Luna Island (for Bridal Veil Falls)
Bridal Veil Falls is the smallest of the falls at Niagara and is best seen from Luna Island (another short pedestrian bridge away from Goat Island) – follow your ears for the sound of water bucketing down.
Cave of the Winds
Cave of the Winds is a seasonal attraction that allows you to take an elevator down to the base of Bridal Veil Falls (accessed by the red wooden decking show in the picture below). Sadly, the attraction is disassembled during the winter period and was, therefore, closed when I visited at the end of October.
Prospect Point (for the American Falls)
After seeing Bridal Veil Falls, loop back towards the Visitor’s Centre and Prospect Point. The second largest of the falls, at Prospect Point you’ll start to get a sense of the magnitude and power of Niagara Falls. And still there’s more to come.
Observation Tower and Maid of the Mist
There are two further main attractions on the USA side – the Observation Tower and Maid of the Mist. The Observation Tower is the only way to get a panoramic view of all three falls while the Maid of the Mist tour will take you right up to the falls and get you a good soaking in the process (it’s all part of the fun).
Sadly, I didn’t try either of these attractions because I was fighting off a nasty cold and didn’t think getting soaked and the being outdoors in late October was a smart move. If I’d been there in summer, I’d have been 1st in the queue for both.
You can find out more about both attractions, including pricing, on the USA Niagara Falls website.
Did you know Niagara Falls State Park is the oldest state park in America? If history’s your thing (I confess I’m history nerd), don’t miss the 45 minute show Legends of Adventure in the theatre in the Visitor’s Centre. As well as providing the history of the falls, there’s some daredevil footage in there, including one woman throwing herself over the edge of the falls inside a barrel. ***SPOILER*** she survived!
The Canadian side: Horseshoe Falls
Once you’ve explored the USA side of Niagara Falls, it’s time for Horseshoe Falls and I have to say, even though the USA falls was my favourite side to explore, this view does top them all. But then we all knew that, didn’t we…because this is the view that we’ve stared at so many times in 2D and is what prompted us to visit in the first place. .

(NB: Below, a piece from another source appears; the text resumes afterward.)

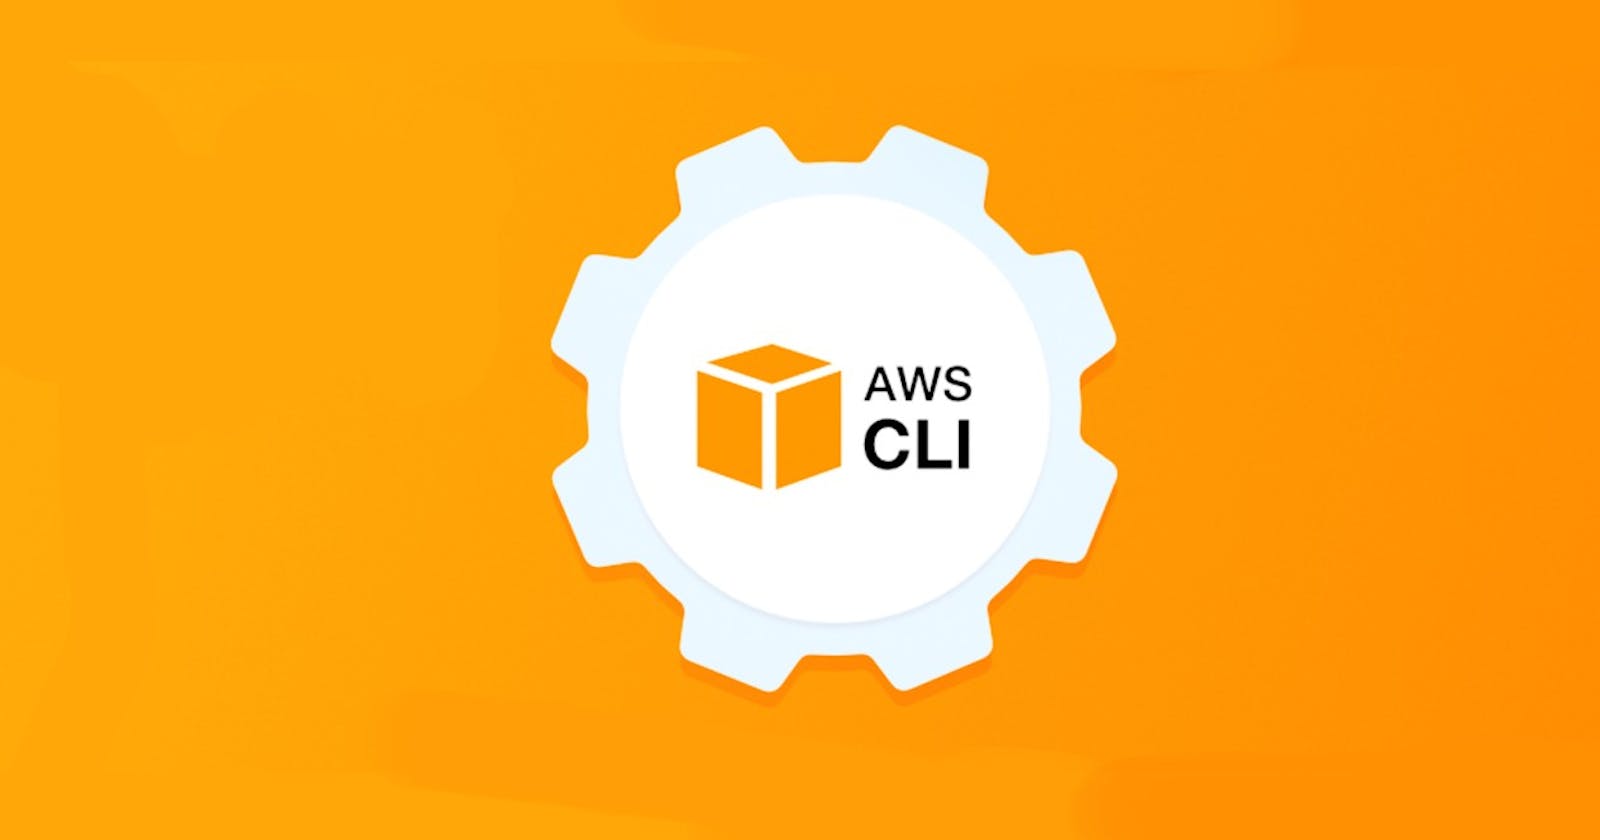 How to Create an EC2 Instance using AWS CLI

Getting to the Canadian side is a piece of cake – PROVIDED YOU HAVE YOUR PASSPORT (I watched one woman ‘effing and blinding as she got turned away at the border). Simply pass through the guards on either end of Rainbow Bridge, pay your money, present your passport and you’re through. It’s then a several minute walk to get to the part of the falls that gives the most front-on view. No directions needed – follow the sounds of water and the head towards the mass of people.

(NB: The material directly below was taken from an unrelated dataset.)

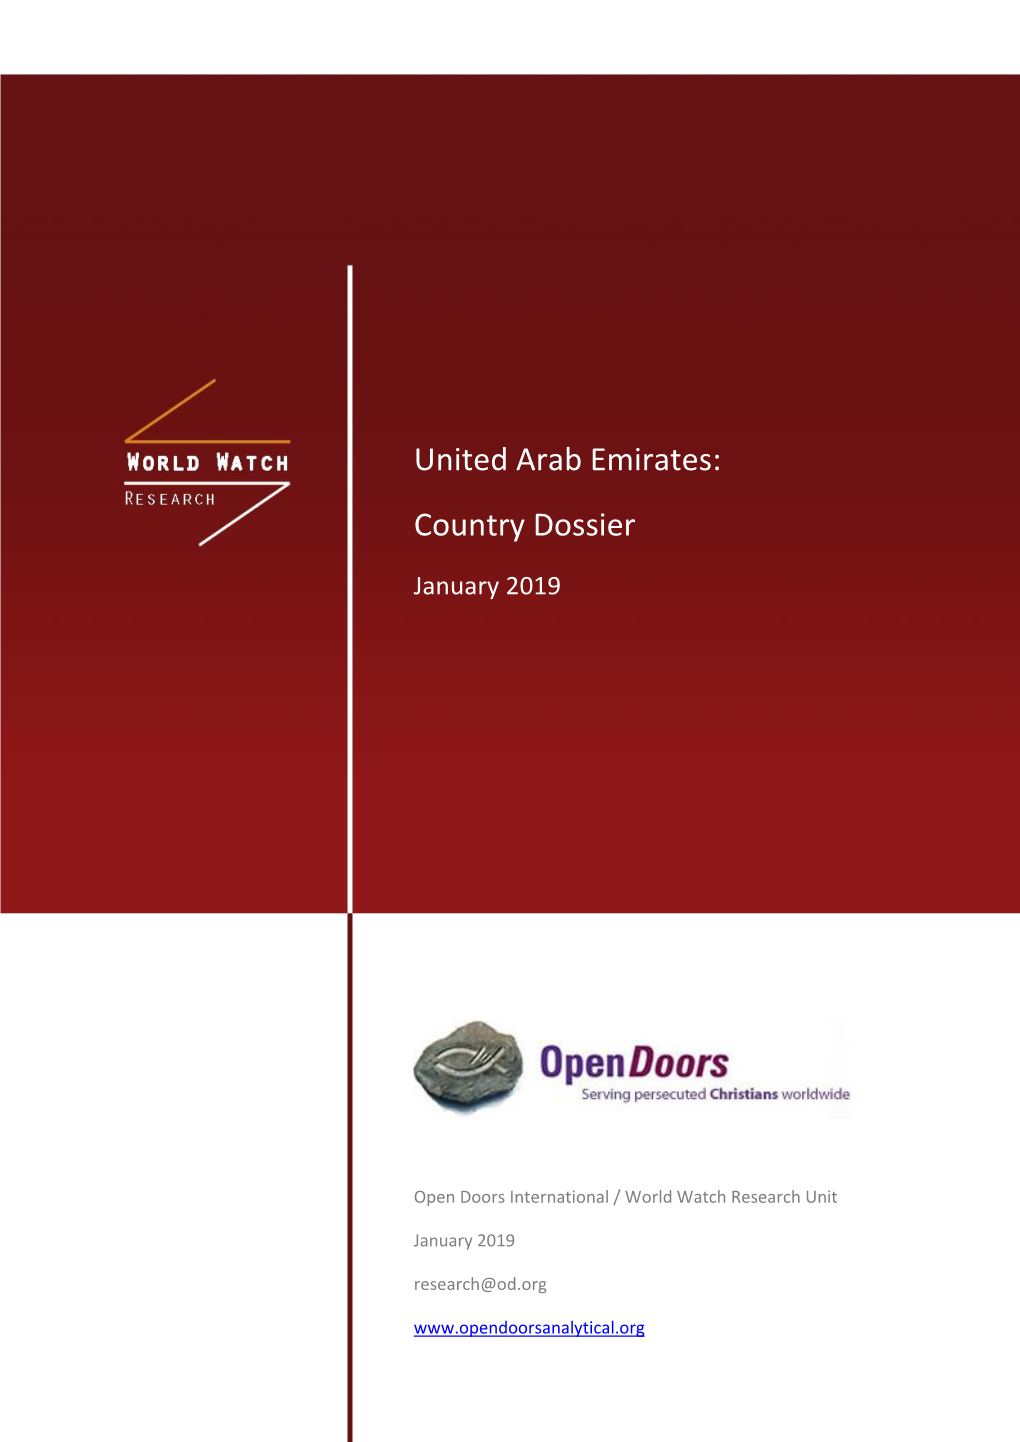 United Arab Emirates: Country Dossier

I won’t lie – there can be a significant jostle to get closest to the water and good manners and patience won’t always get you where you want to be. And that was late October. However, the scrum is worth it and there’s (another) visitor’s centre right behind you if you need a coffee (or something a bit stronger) when you’re done.
Table Rock Welcome Centre: I’d just about had my fill of visitor centres by the time I crossed to the Canadian side of the falls so Table Rock didn’t hold my interest for too long. However, there’s a whole range of shops, restaurants and activities if you want to explore. Personally, the crowds were thinner on the USA side so I was pleased I’d spent my time at the visitor centre there.
It was a long day out, especially when coupled with the two-hour return bus trip, but it was absolutely worth it to finally see what has to be one of the most impactful natural wonders of our world.